Josh and/or others, any way this limit of 2 ad groups can be increased 
and/or any good workarounds?  It's amazingly small compared to any other 
equivalent kind of limit in AdWords.  If the limit were instead a number of 
product partition nodes that can be updated in one call, it seems like it 
would be much more reasonable -- so if you want to add/update 1,000 product 
partition nodes in a single ad group or spread out across 1,000 ad groups, 
it still works?

Thanks,
Greg


On Friday, July 11, 2014 10:17:07 AM UTC-5, Josh Radcliff (AdWords API 
Team) wrote:
>
> Hi Christian,
>
> I'm a little concerned about the manageability of so many campaigns and 
> the ad group-per product approach. I also found that there's a limit of 
> 20,000 product partitions per campaign (noted here 
> <https://www.en.adwords-community.com/t5/Google-Shopping-PLAs-Merchant/Shopping-campaign-limits/td-p/338502>
> ).
>
> Have you considered using a CampaignCriterion with criterion type 
> ProductScope 
> <https://developers.google.com/adwords/api/docs/reference/v201406/CampaignCriterionService.ProductScope>
>  to 
> filter products at the campaign level (also described in our Shopping 
> Campaigns Guide 
> <https://developers.google.com/adwords/api/docs/guides/shopping#filtering_by_product_dimension>)?
>  
> This could greatly reduce the number of ad groups per campaign and may make 
> your campaigns more manageable. What I'm envisioning is something like this 
> for your 100,000 products:
>
> 1. Create 5 (or more) campaigns to ensure you stay under the 20,000 
> *ProductPartitions* per campaign limit.

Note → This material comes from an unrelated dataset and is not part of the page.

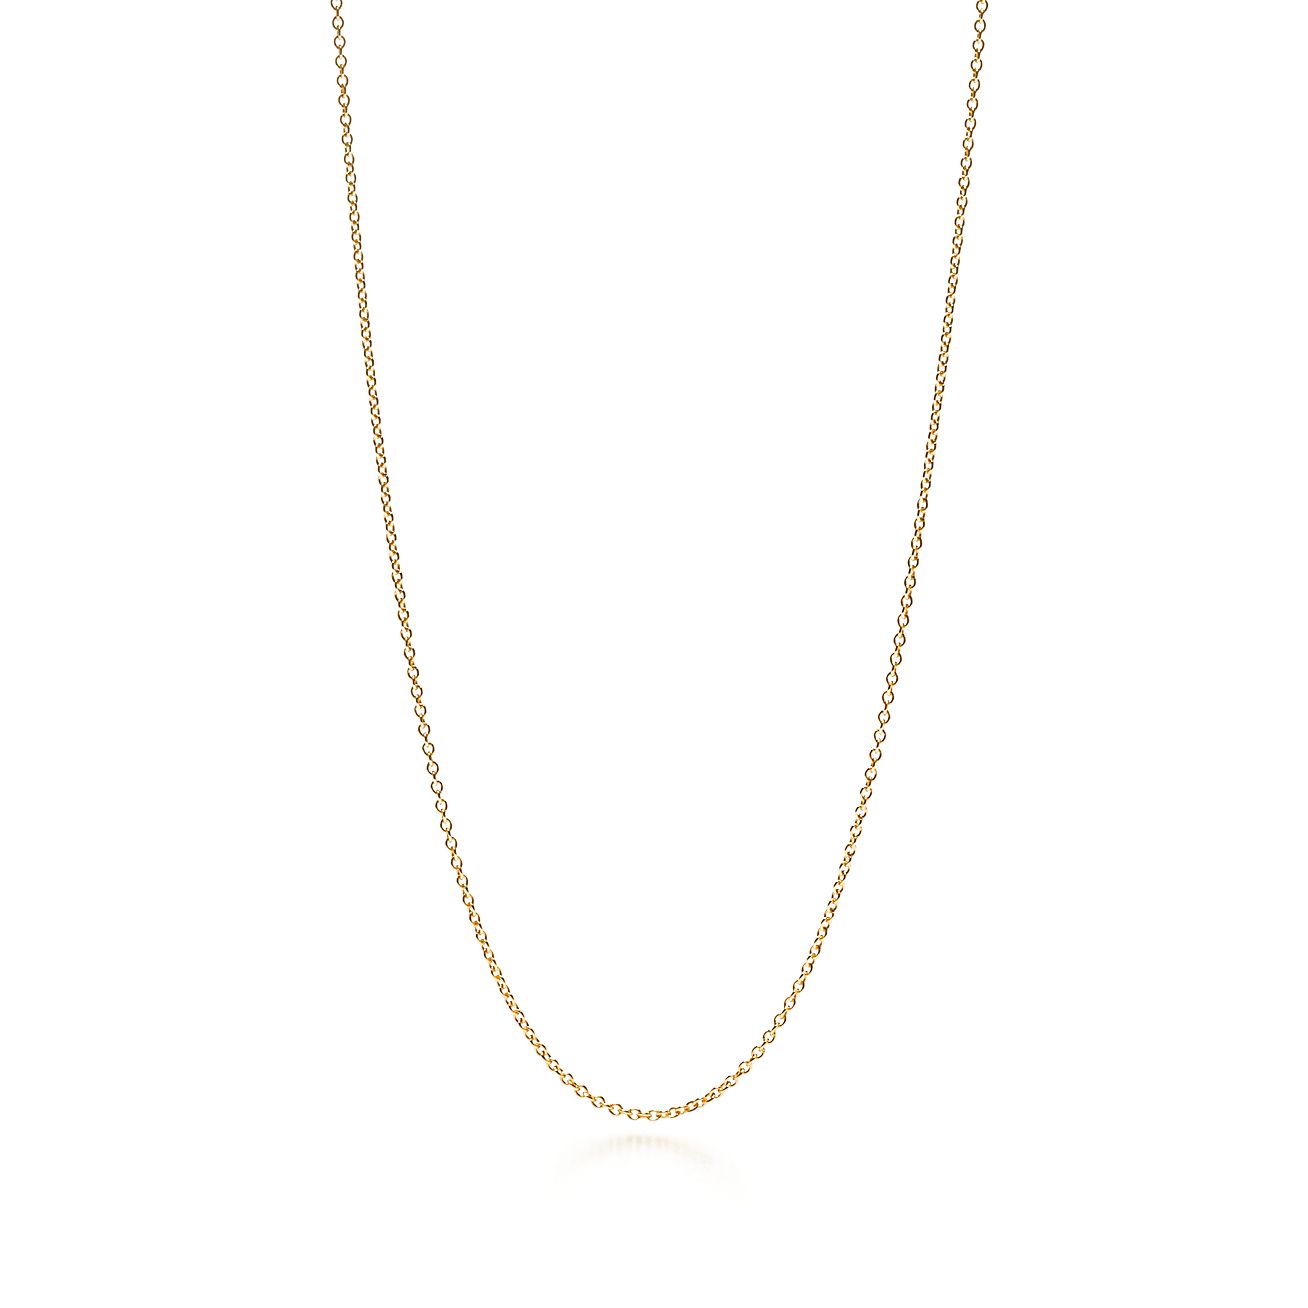 Chain in 18k gold. | Tiffany \u0026 Co.

> 2. On each campaign, add a *ProductScope* (which can be based on up to 7 
> different ProductDimension 
> <https://developers.google.com/adwords/api/docs/reference/v201406/CampaignCriterionService.ProductDimension>s)
>  
> CampaignCriterion 
> <https://developers.google.com/adwords/api/docs/reference/v201406/CampaignCriterionService.CampaignCriterion>
>  to 
> limit the number of products in each campaign to < 20,000.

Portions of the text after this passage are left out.